Your job with the data below is to output exactly the lines from the one holding "Ensemble de six" down to the one holding "Gucci tote or", both included, and no others.

Input:
____________________
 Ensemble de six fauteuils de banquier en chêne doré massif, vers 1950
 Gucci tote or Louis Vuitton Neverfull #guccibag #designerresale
____________________
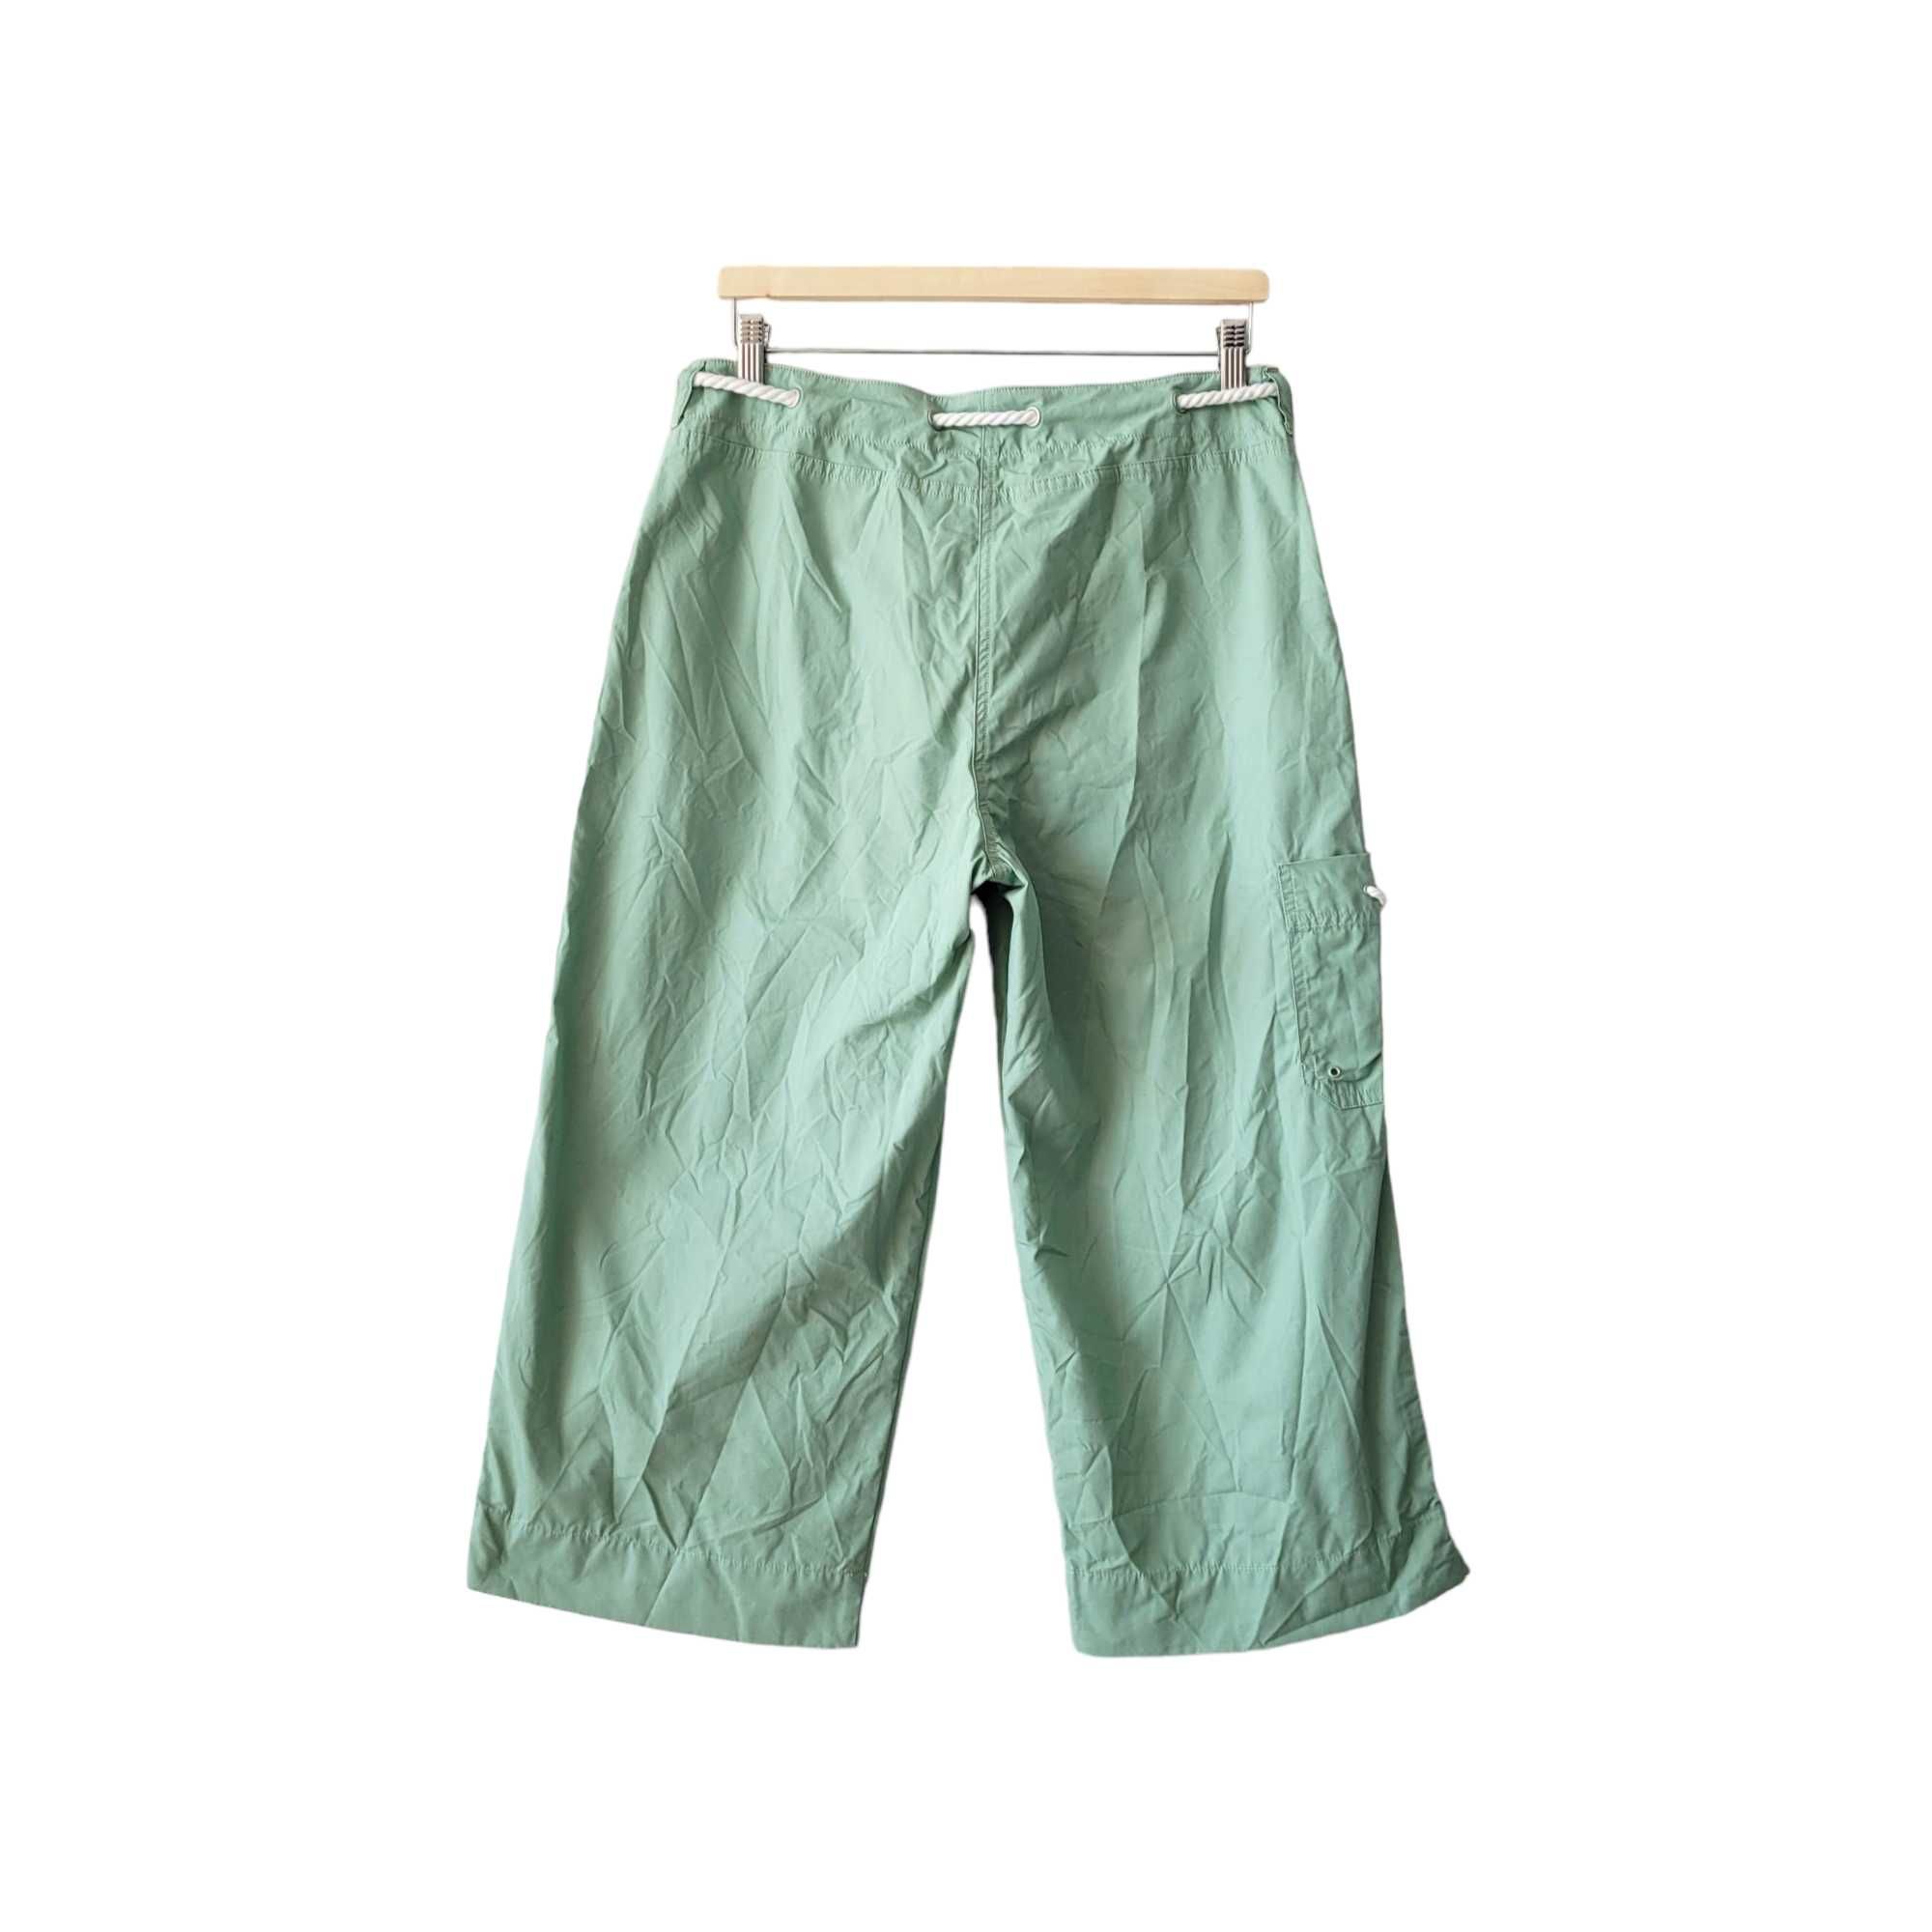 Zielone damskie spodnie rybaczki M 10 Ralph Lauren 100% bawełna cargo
____________________
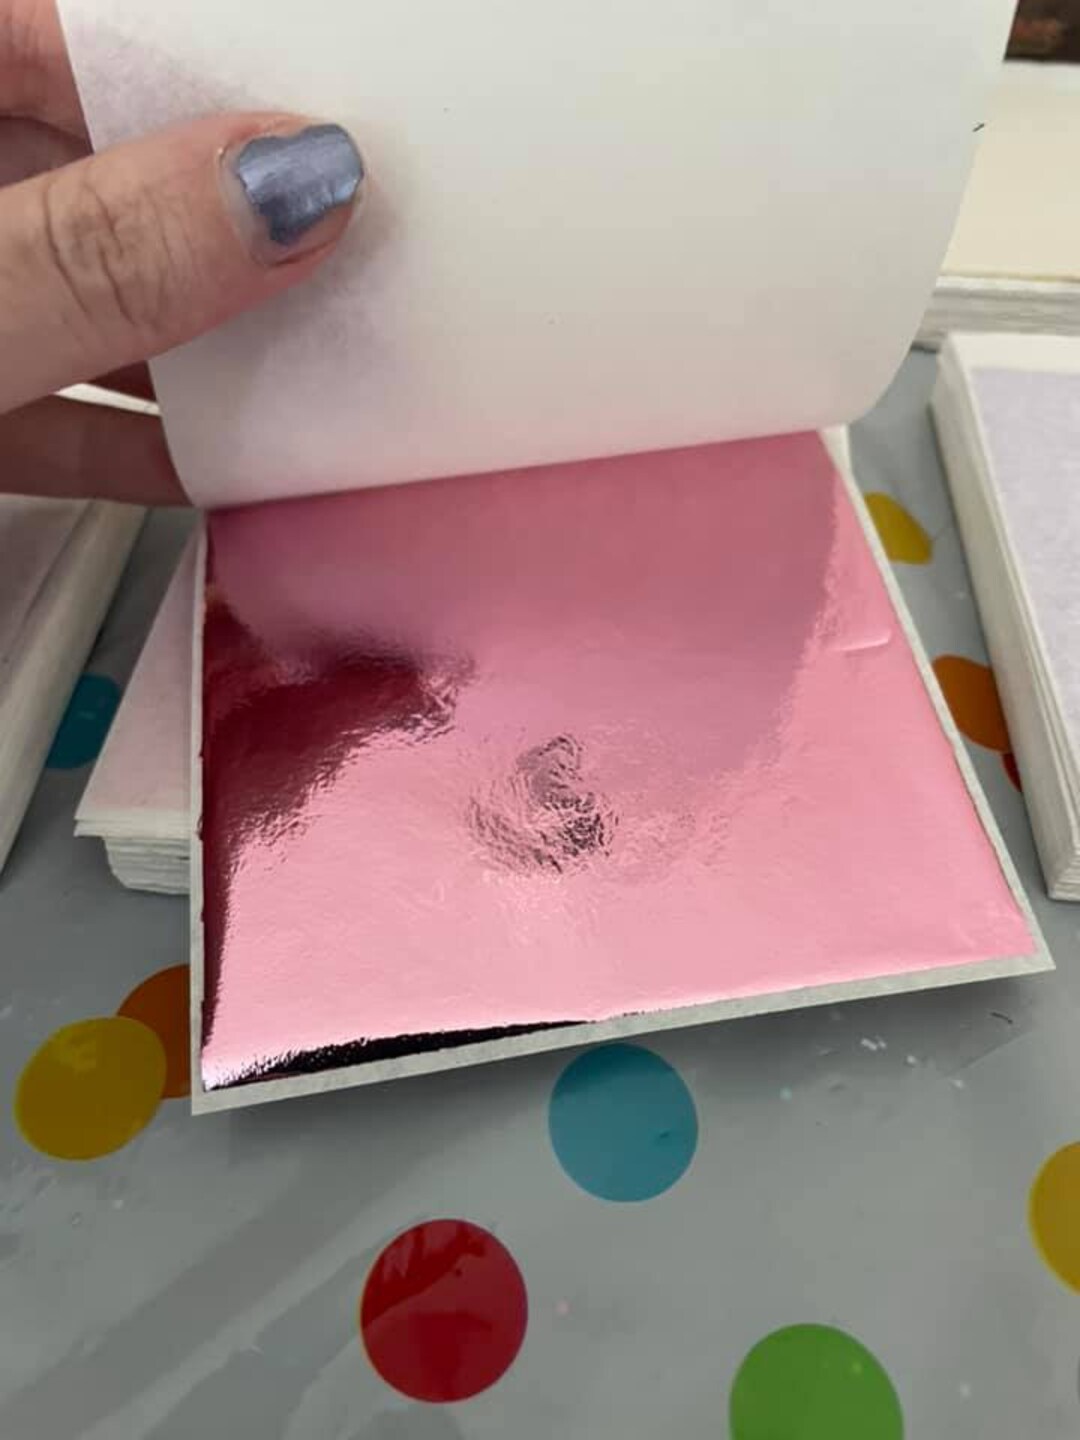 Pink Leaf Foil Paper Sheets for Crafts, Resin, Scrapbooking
____________________
Written solution:
 Ensemble de six fauteuils de banquier en chêne doré massif, vers 1950
 Gucci tote or Louis Vuitton Neverfull #guccibag #designerresale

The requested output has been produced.